**What is expected**
Set down exactly the lines below, from the one containing "An Introduction to The Angel Comedy Podcast" through the final line, and include no others.

**Excerpted records**
----------------

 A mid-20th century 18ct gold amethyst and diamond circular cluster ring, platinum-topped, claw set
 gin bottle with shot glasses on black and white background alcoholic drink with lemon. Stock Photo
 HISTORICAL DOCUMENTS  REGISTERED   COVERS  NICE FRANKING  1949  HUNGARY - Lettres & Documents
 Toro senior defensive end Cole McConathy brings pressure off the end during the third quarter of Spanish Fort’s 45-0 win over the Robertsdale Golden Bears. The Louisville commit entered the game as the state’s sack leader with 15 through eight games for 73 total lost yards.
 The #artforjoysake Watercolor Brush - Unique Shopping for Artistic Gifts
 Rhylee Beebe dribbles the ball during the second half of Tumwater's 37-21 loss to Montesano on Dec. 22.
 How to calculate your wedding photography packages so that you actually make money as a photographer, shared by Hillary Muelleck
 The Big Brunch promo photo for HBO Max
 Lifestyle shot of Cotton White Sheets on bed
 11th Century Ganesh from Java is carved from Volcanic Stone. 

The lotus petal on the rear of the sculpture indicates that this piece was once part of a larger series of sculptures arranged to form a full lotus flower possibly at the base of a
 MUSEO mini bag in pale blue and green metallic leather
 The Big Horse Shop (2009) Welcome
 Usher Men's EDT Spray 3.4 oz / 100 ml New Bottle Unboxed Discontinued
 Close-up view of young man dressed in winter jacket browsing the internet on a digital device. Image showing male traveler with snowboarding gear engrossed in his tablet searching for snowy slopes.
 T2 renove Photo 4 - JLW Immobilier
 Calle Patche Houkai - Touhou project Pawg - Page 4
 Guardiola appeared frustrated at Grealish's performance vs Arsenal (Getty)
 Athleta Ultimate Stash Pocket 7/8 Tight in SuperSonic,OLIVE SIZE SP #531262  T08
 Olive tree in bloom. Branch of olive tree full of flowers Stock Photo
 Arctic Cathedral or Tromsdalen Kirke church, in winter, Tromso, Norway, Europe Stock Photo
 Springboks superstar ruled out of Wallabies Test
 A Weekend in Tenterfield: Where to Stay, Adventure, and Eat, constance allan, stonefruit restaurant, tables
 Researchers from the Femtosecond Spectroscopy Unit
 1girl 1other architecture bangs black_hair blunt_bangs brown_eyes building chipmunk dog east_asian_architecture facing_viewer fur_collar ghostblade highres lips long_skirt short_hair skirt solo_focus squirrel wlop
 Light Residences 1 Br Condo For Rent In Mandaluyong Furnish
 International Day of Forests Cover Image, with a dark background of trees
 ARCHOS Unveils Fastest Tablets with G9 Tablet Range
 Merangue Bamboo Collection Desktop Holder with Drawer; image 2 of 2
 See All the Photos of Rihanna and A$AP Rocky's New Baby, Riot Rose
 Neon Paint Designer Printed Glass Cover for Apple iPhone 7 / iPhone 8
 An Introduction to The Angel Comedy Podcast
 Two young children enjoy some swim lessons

----------------

**Written solution**
 An Introduction to The Angel Comedy Podcast
 Two young children enjoy some swim lessons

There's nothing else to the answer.